What is the Function of Introns?

Myers’s argument begins with a description of the structure of a gene and mRNA processing. As he notes, a eukaryotic pre-mRNA transcript possesses both protein-coding regions (called “exons”) and non-protein-coding regions (called “introns”). The introns of higher eukaryotes can often be very long indeed — in many cases spanning hundreds of thousands or even millions of bases. Lower eukaryotes (e.g. yeast) tend to have shorter and fewer introns. A protein complex called the “spliceosome” is responsible for removing the introns from the pre-mRNA transcript, and another enzyme (called RNA ligase) pastes together all of the exons. Introns are marked for removal by a specific consensus sequence (GT at the 3′ end or AG at the 5′ end). In addition, the 5′ cap and the 3′ poly-A tail are added to form the processed mRNA. Myers thinks that this is “wasteful” since introns can typically account for 90% of the length of the pre-mRNA transcript.

But is Myers correct on this point? Are introns useless, without functional significance? The answer is no and again no.
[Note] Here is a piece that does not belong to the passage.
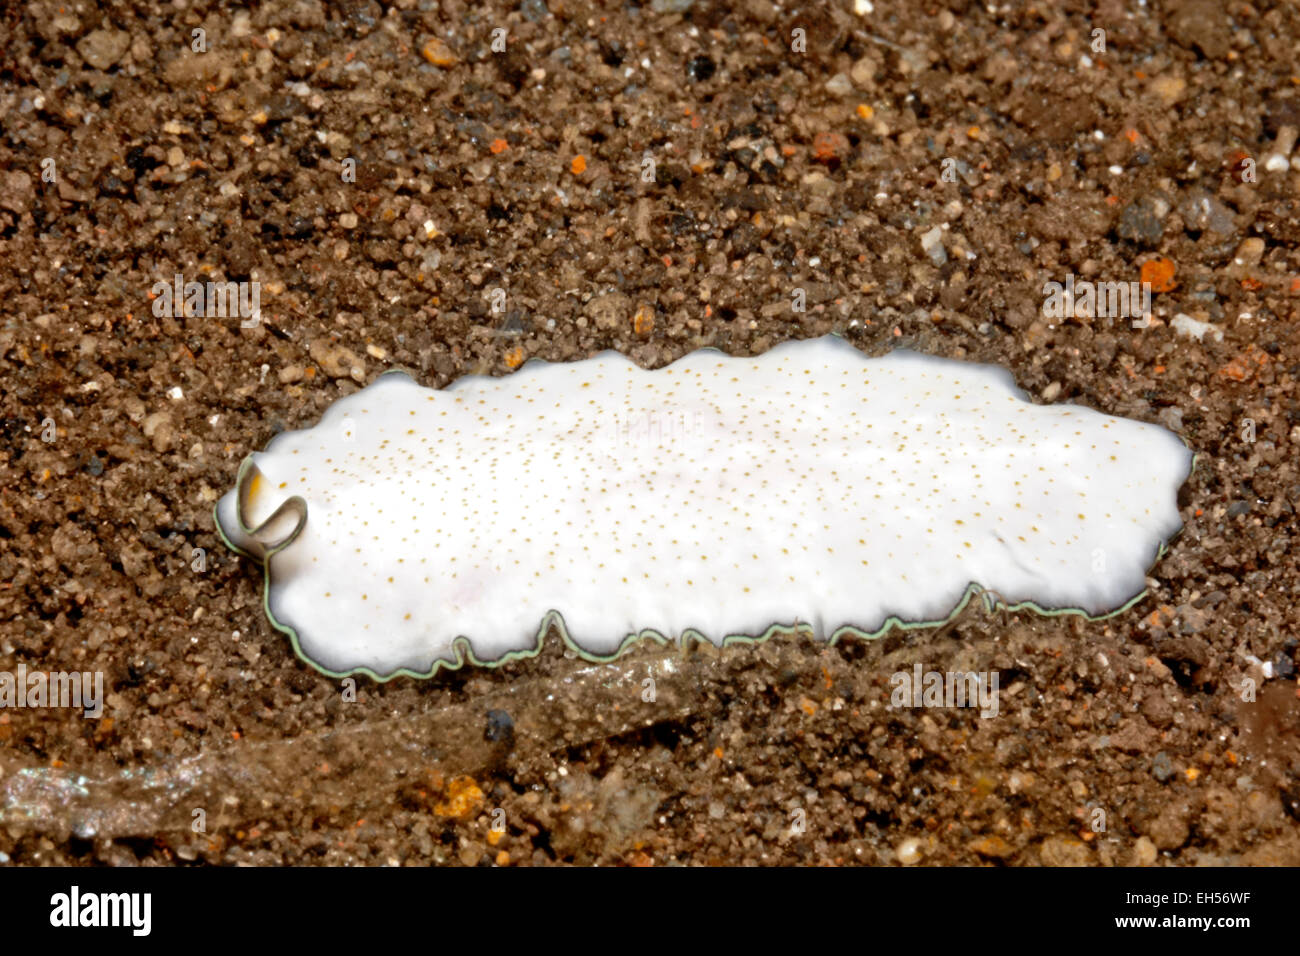 An undescribed species of marine flatworm, Pseudoceros sp. Stock Photo
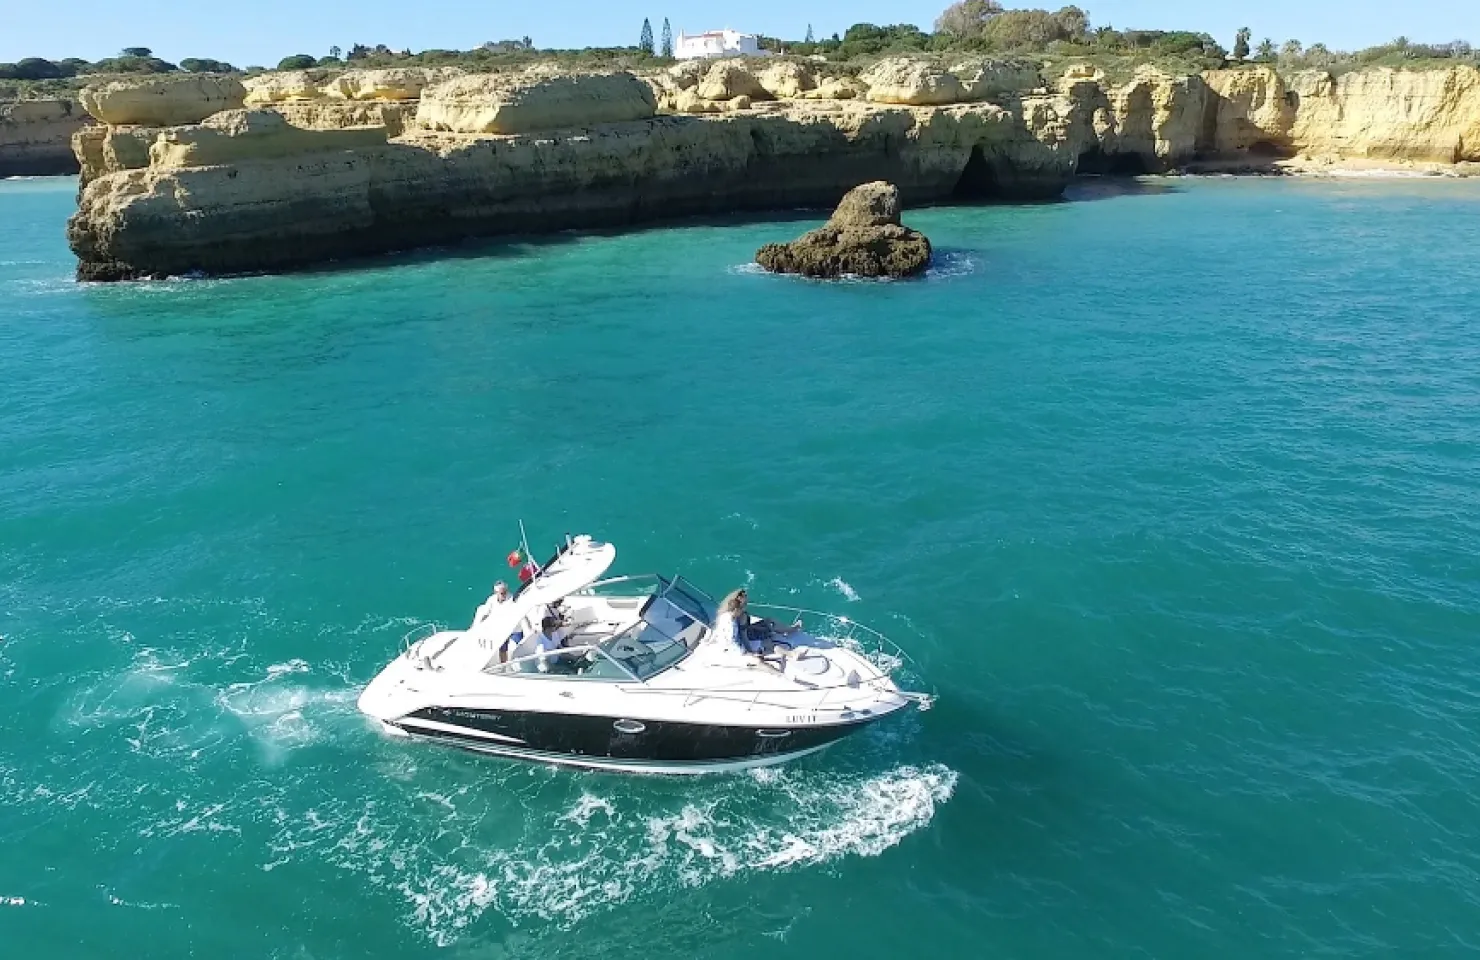 Luvit Yacht Charters - Algarve Boat Trips and tours

For one thing, at least some introns exhibit high levels of sequence conservation, which suggests that they possess some kind of function (e.g.Sun et al., 2000; Sorek and Ast, 2003). We also now know that introns play an essential role in alternative splicing. Alternative splicing allows the exons of pre-mRNA transcript to be spliced into a number of different isoforms to produce multiple proteins from the same transcript. As evolutionary biologist Richard Sternberg observes,

It is the presence of introns that makes this permutative expansion of messenger RNAs possible in the first place.
[…]
Someone could argue that the sequences directing alternative splicing are in the protein-coding regions of the RNA. That is, one could argue that while introns do indeed make splicing possible, they are merely “junk” fillers, with the exons indicating where and how the spliceosome is to do its cutting and pasting. Yet such an argument would be false. In order for alternative splicing to work properly, it is necessary not only that exons be demarcated from introns, but also that the splicing process be correctly modulated. And introns contribute significantly to such modulation.

Indeed, Sorek and Ast (2003) document that the majority of alternatively spliced exons in humans and mice were flanked by introns, the sequences of which were extremely highly conserved, implying an important role in the process of alternative splicing. Minovitsky et al. (2005) have also documented that a six-nucleotide intronic sequence is “frequently located adjacent to tissue-specific alternative exons in the human genome.” Across taxa as widely divergent as dogs, rats, chickens, mice and humans, this sequence exhibits conservation. These features, according to the paper, “mark it as a critical component of splicing switch mechanism(s) designed to activate a limited repertoire of splicing events in cell type-specific patterns.” In addition to this, direct evidence has been documented showing that introns contain codes involved in the regulation of alternative splicing (Ladd and Cooper, 2002; Hui et al., 2005; Helder et al., 2007; Hastings et al., 2001; Wagner et al., 2005).

Furthermore, as documented by Hoeppner et al. (2009), the genes for the majority of non-translated microRNAs (which are required for the expression of mRNAs during development) and small nucleolar RNAs (which play an important role in the processing of ribosomal RNAs) occur in introns. Berezikov et al. (2007) note that,

Mirtrons are alternative precursors for microRNA biogenesis that were recently described in invertebrates. These short hairpin introns use splicing to bypass Drosha cleavage, which is otherwise essential for the generation of canonical animal microRNAs. Using computational and experimental strategies, we now establish that mammals have mirtrons as well.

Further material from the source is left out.